These and other objects, features and advantages of the present invention will become apparent upon consideration of the following description of the preferred embodiments of the present invention taken in conjunction with the accompanying drawing.

BRIEF DESCRIPTION OF THE DRAWING

Various other objects, features and attendant advantages of the present invention will be more fully appreciated as the same becomes better understood from the detailed description when considered in connection with the accompanying drawing in which like reference characters designate like corresponding parts throughout and wherein;

FIG. 1 is a schematic view illustrating an electrophotographic image forming apparatus useful for the image forming method of the present invention.

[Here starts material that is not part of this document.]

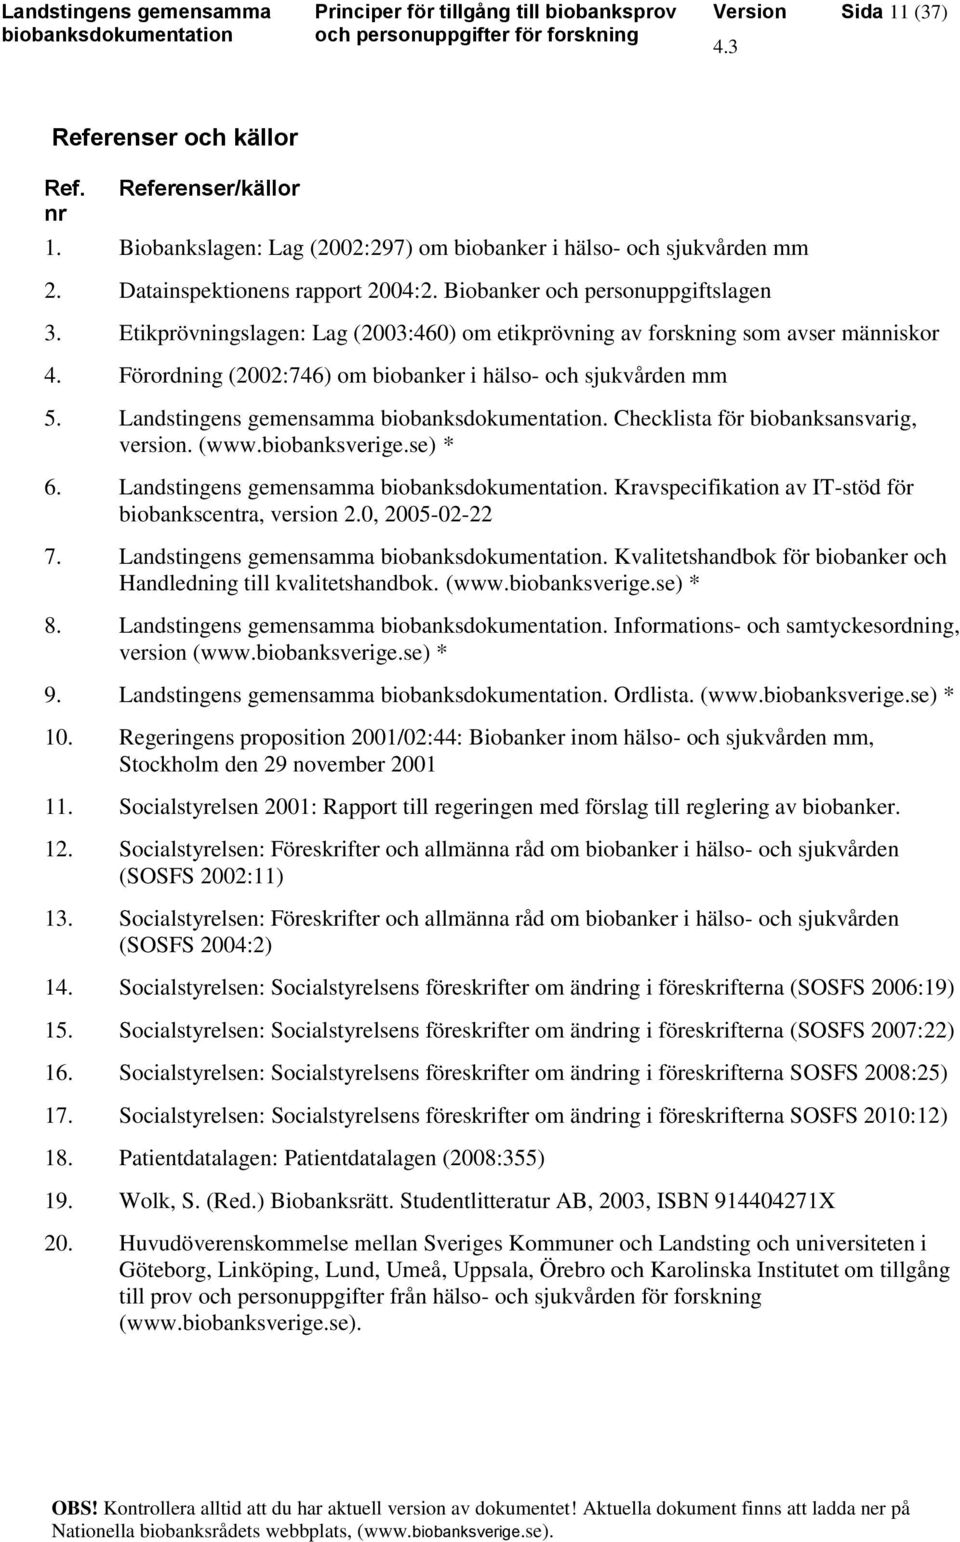 Landstingens gemensamma. Checklista för biobanksansvarig, version. (www.biobanksverige.se) * 6. Landstingens gemensamma. Kravspecifikation av IT-stöd för biobankscentra, version 2.0, 2005-02-22 7.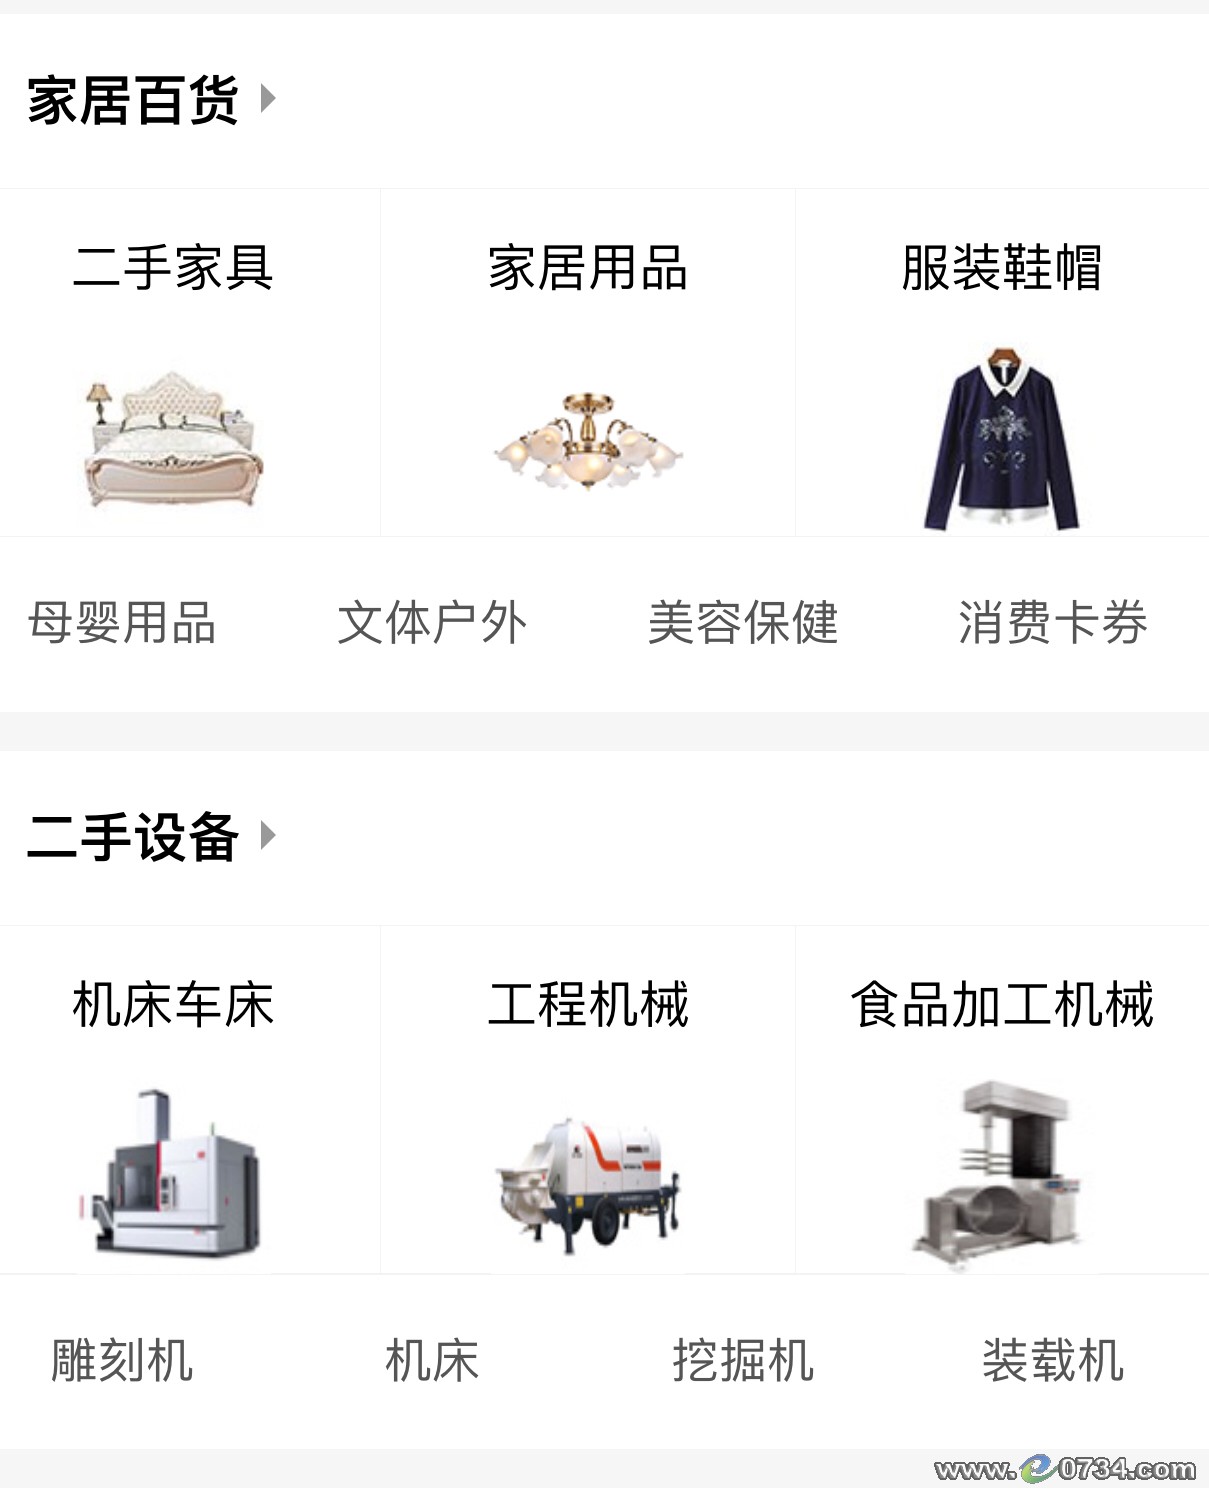 中国衡阳新闻网 www.e0734.com

DETAILED DESCRIPTION OF THE INVENTION

When the thermal properties and fusion viscoelasticity properties of a toner are evaluated, flow starting temperature and melt index (MI) are conventionally measured using a flow tester. However, by this method, the apparent viscosity of the toner can only be measured. Toner typically exhibits both viscosity and elasticity, i.e., toner is a viscoelastic material. The present inventors discover that to quantitatively analyze the viscoelasticity properties of a toner is important for solving the problem such that the external additive is released from or embedded into the toner and for improving fixing properties of the toner.

When a toner on which an external additive is present is manufactured, it is needed that the external additive is forcibly adhered to the mother toner particles by applying a mechanical force to the toner in a mixer to prevent the additive being released from the toner. At this point, when the surface of the toner has a weak mechanical strength (i.e., the surface is soft), a problem occurs such that the additive is embedded into the toner or the toner particles aggregate each other. Therefore, the mother toner particles have to be hard enough to endure the mechanical force in the mixer.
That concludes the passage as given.